I also brought several old topics and ideas we could try (now or in future):
- Trying to re-assess the use of memcache – no latency … but memcache may not be usable because it does not use timestamp but key=value
- Our timestamp need to be range, no problem because the key (in the key-value combo) could have the low and high time boundaries (+sdt timestamp) … and a tiered database storage used. By tiered database, one means that the workflow would work as follows:
- Query StDbMaker – is it cached there already? If the value is cached there, give it if not ...
- Build a string containing the low/high/sdt boundaries for the key query to memcache. Query memcache. Does it have the value? If yes, provide it. If not …
- Query MySQL, get value+boundaries+sdt back, build key and save into memcache
- This mechanism should be self-sustainable and dynamic providing that (a) we have as requirement that memcache entry lifetime could be set to large values and (b) that unpon a full cache, memcache could remove the oldest-entries-first and replace by new values. Then, there would be nearly no maintenance.

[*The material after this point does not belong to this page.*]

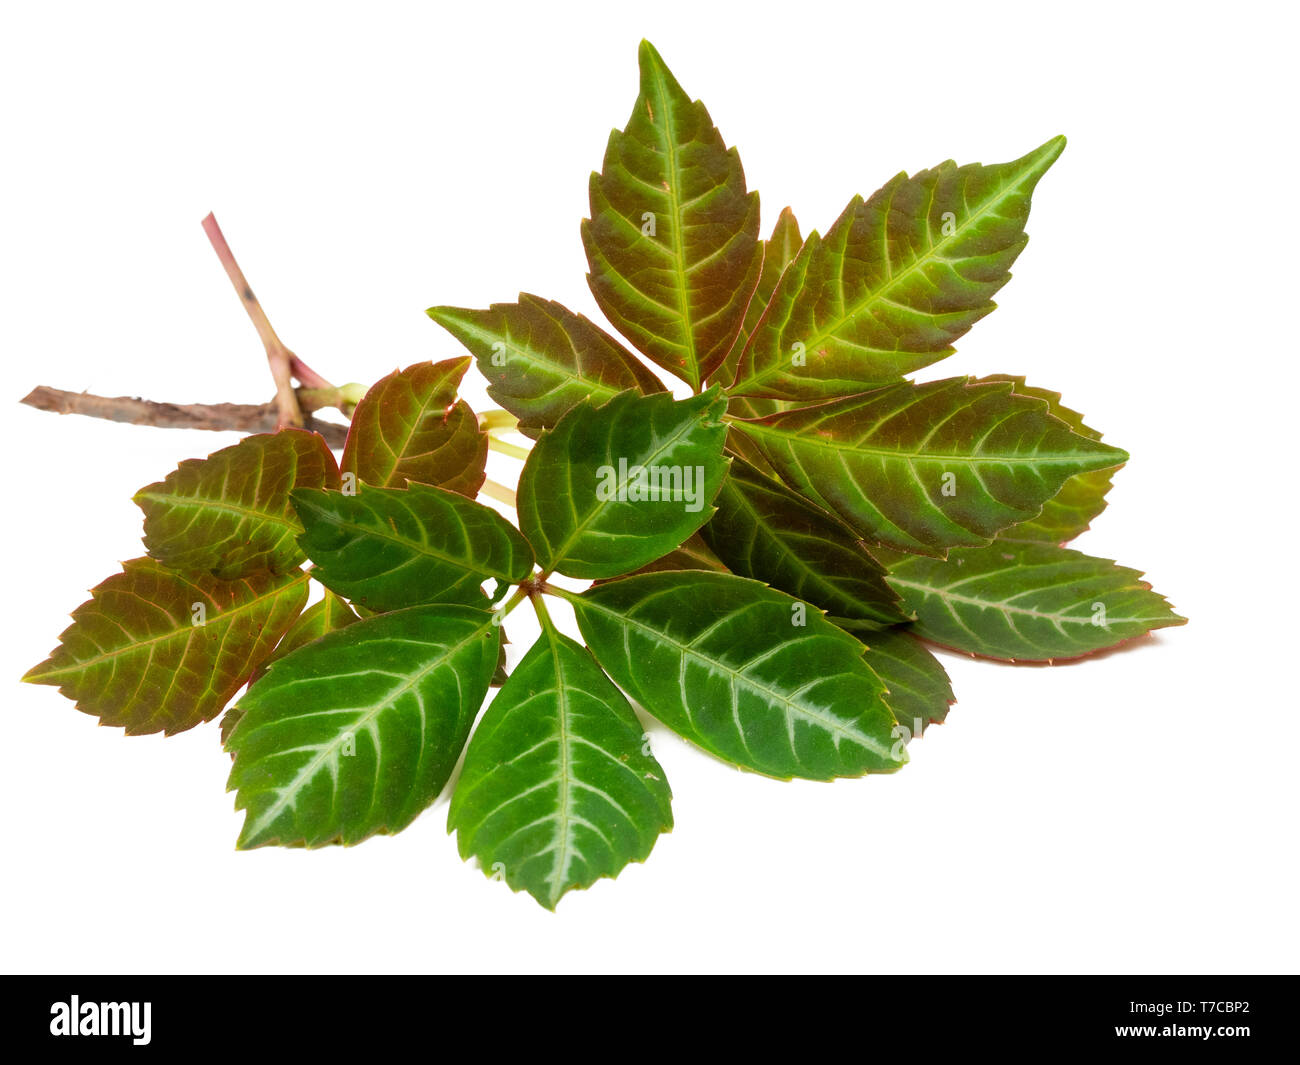 Silver striped midribs and leaf veins of the foliage of the hardy, woody climber, Parthenocissus henryana, on a white background Stock Photo

- As a side note, the key-value pair approach is similar to what we have as approach in database Web services SBIR with Tech-X
- Our timestamp need to be range, no problem because the key (in the key-value combo) could have the low and high time boundaries (+sdt timestamp) … and a tiered database storage used. By tiered database, one means that the workflow would work as follows:
- Second possibility and (already used) idea is to try the Cloud trick and have a MySQL server along with the job + a snaphsot (0.5 GB)
- This would imply we will have, as for Cloud, to manage the snapshot creation for every sdt we use + invent a “repository” mechanism if snapshot are the common mode of operation + modify our workflow to start (possibly stop) the DB with the proper snapshot (may not be immediate) and possibly start only one server per node (while there are many slots available)
- In a sense, memcache would be easier if self-maintainable (modulo the requirements already mentioned) as there would be no modifications of the production workflow
- We already know from Dmitry's performance study that a few thread access lead (not surprisingly) for faster response of the system ... we may be concerned of the rising number of slots per nodes.
- Third idea: if the assumption is that a database snapshot of 0.5 GB would fit in memory (file cache or otherwise, MySQL optimization), then we could
- Load a snapshot onto a few of our actual database servers
- Re-direct production jobs toward it
- Re-test and remake Lidia's plots above (we should see an immediate normalization of the time and efficiency as a function of streams)
- Some additional notes (relevant to the idea of one node = one MySQL service)
- The new node will have HT on and have twice the amount of memory …
- We have be careful of the Condor effect – not sure we can have on one node 16 jobs following each other in submission sequence and time. Even if we start with an initial time ordered distribution of jobs & slots, we will end up with some jobs finishing before others. Hence, some slots will be filled by jobs coming at a later point in time, ending with a complete random distribution of jobs & slots.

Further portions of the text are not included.